Just a few weeks ago, at the height of the campaign, Representative Michele Bachmann of Minnesota told Chris Matthews of MSNBC that, when it came to Mr. Obama, “I’m very concerned that he may have anti-American views.”

But there she was on Wednesday, after narrowly escaping defeat because of those comments, saying she was “extremely grateful that we have an African-American who has won this year.” Ms. Bachmann, a Republican, called Mr. Obama’s victory, which included her state, “a tremendous signal we sent.”

And it was not too long ago that Senator John McCain’s running mate, Gov. Sarah Palin of Alaska, accused Mr. Obama of “palling around with terrorists.”

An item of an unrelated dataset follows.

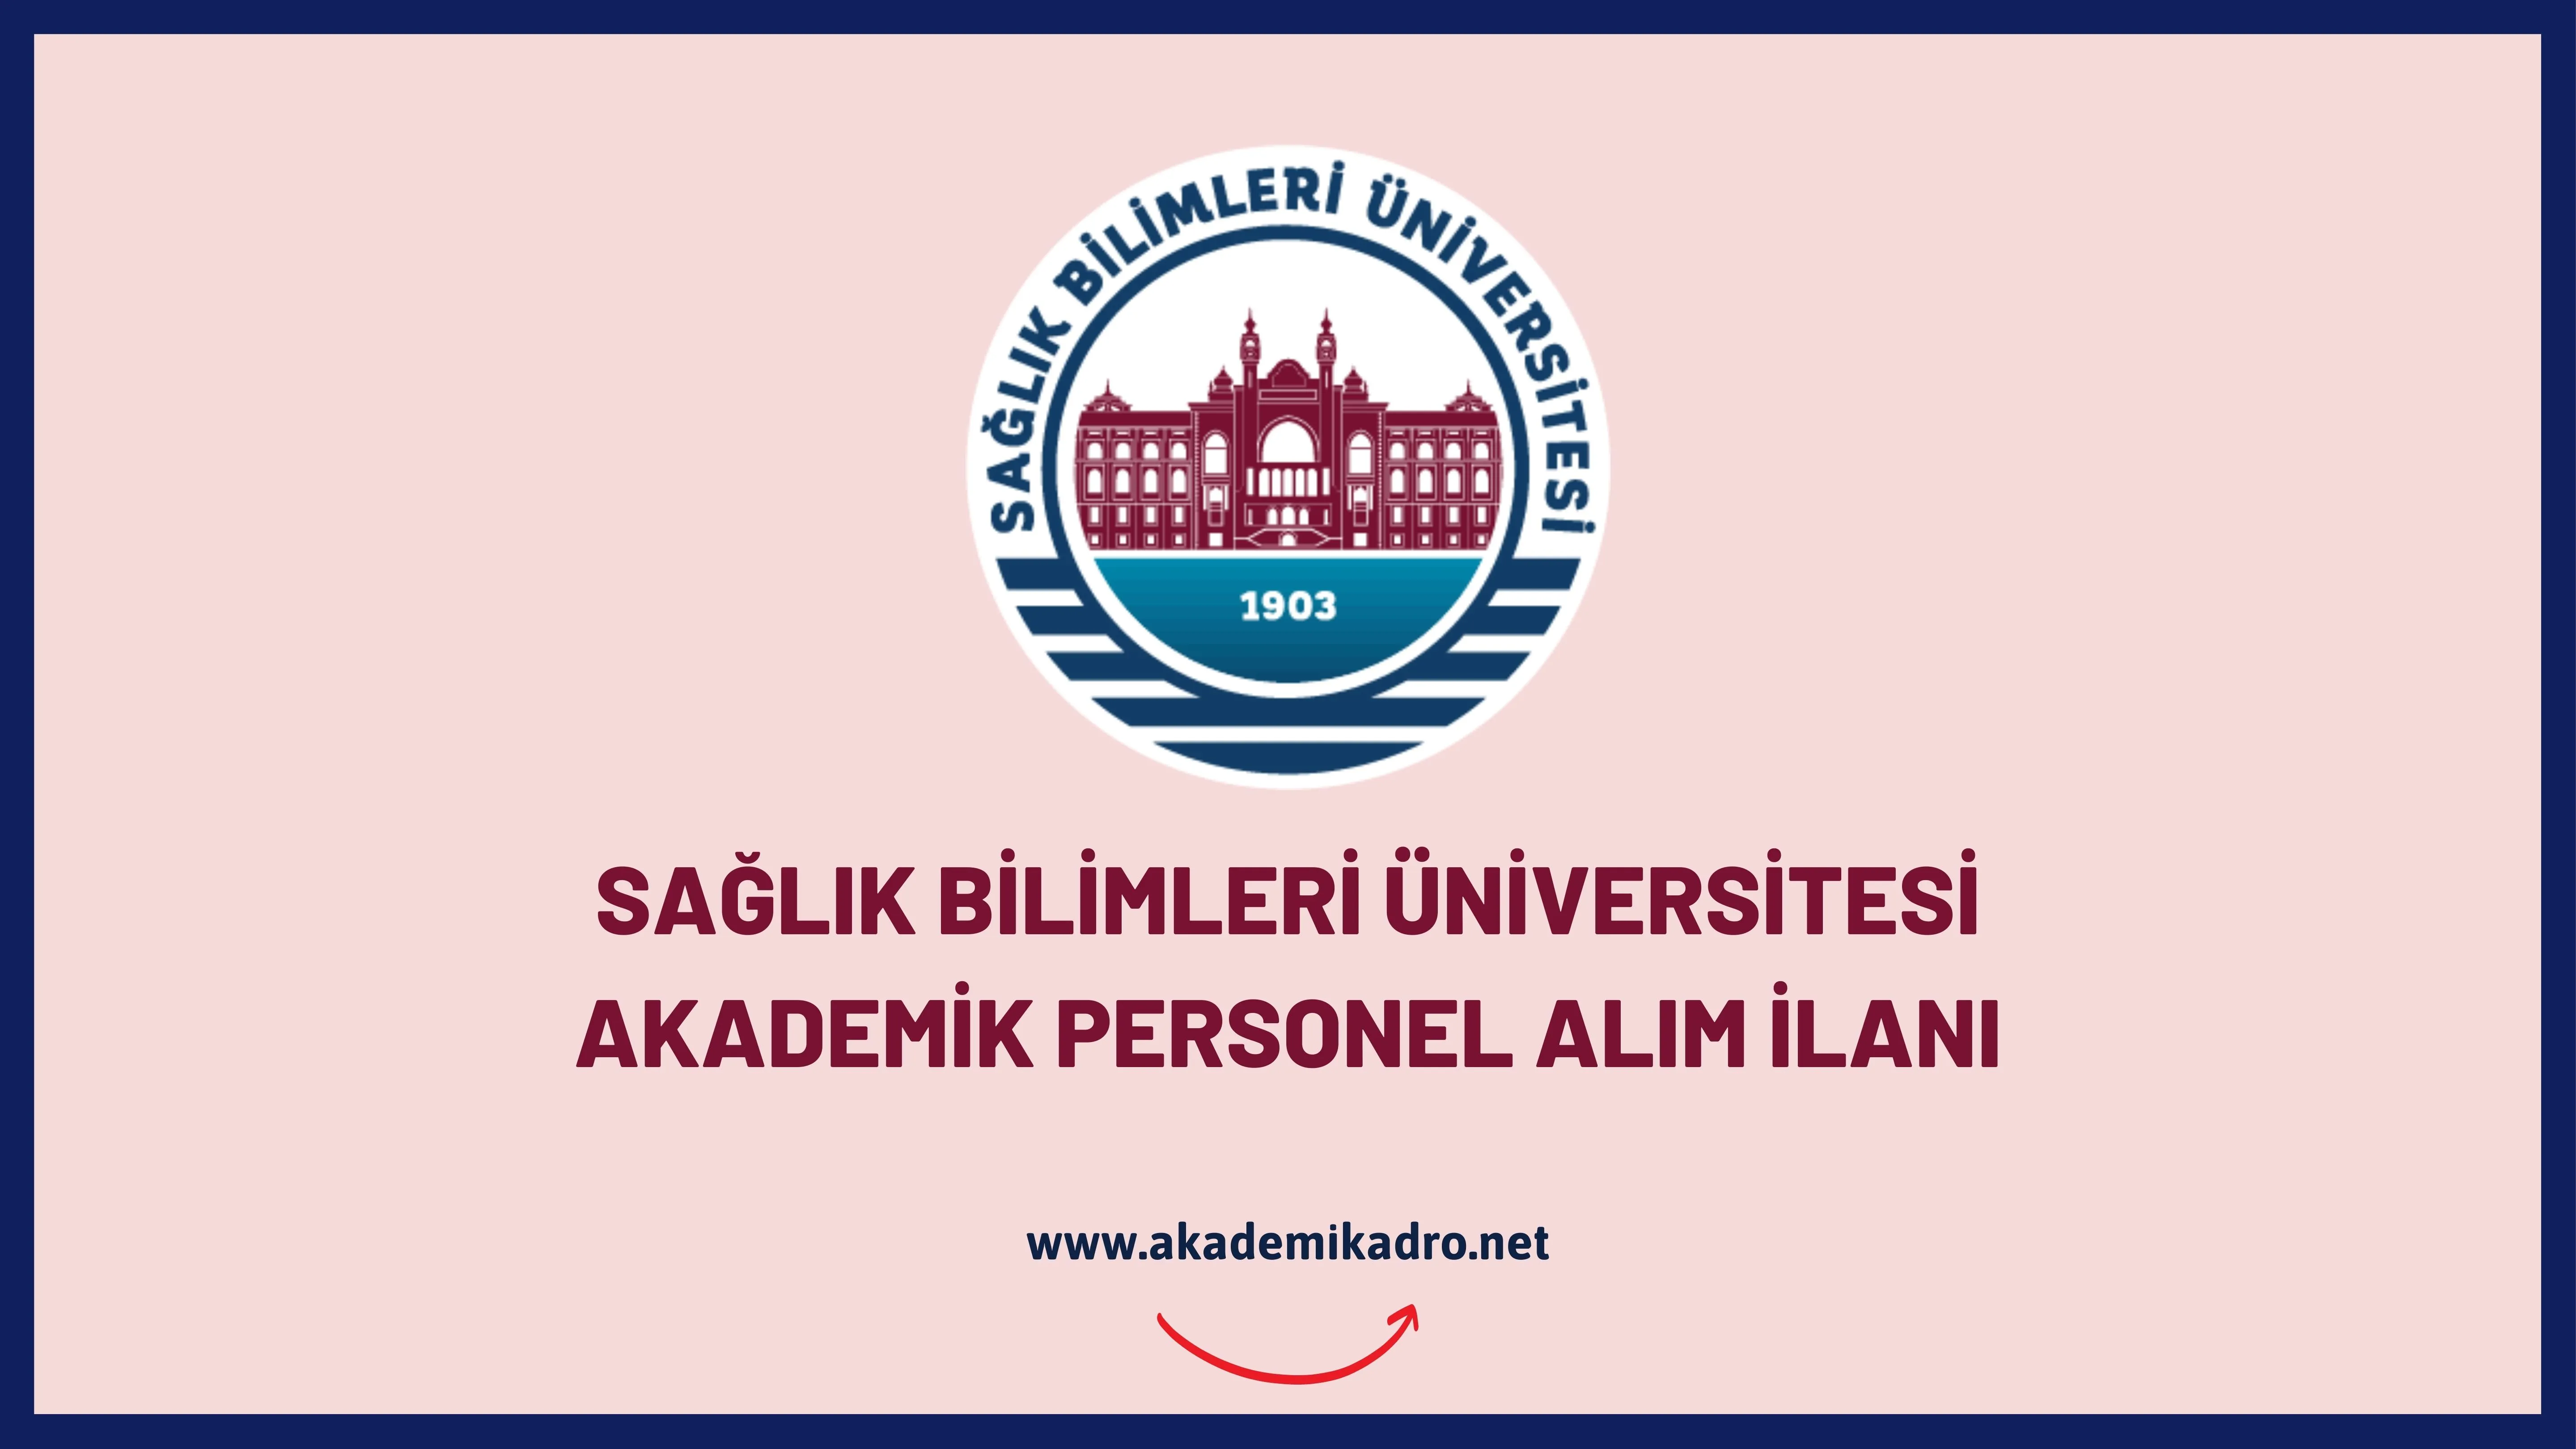 Sağlık Bilimleri Üniversitesi 71 akademik personel alacak.

But she took an entirely different tone on Thursday, when she chastised reporters for asking her questions about her war with some staff members in the McCain campaign at such a heady time. “Barack Obama has been elected president,” Ms. Palin said. “Let us, let us — let him — be able to kind of savor this moment, one, and not let the pettiness of maybe internal workings of the campaign erode any of the recognition of this historic moment that we’re in. And God bless Barack Obama and his beautiful family.”

There is a great tradition of paint-peeling political hyperbole during presidential campaign years. And there is an equally great tradition of backing off from it all afterward, though with varying degrees of deftness.

But given the intensity of some of the charges that have been made in the past few months, and the historic nature of Mr. Obama’s election, the exercise this year has been particularly whiplash-inducing, with its extreme before-and-after contrasts.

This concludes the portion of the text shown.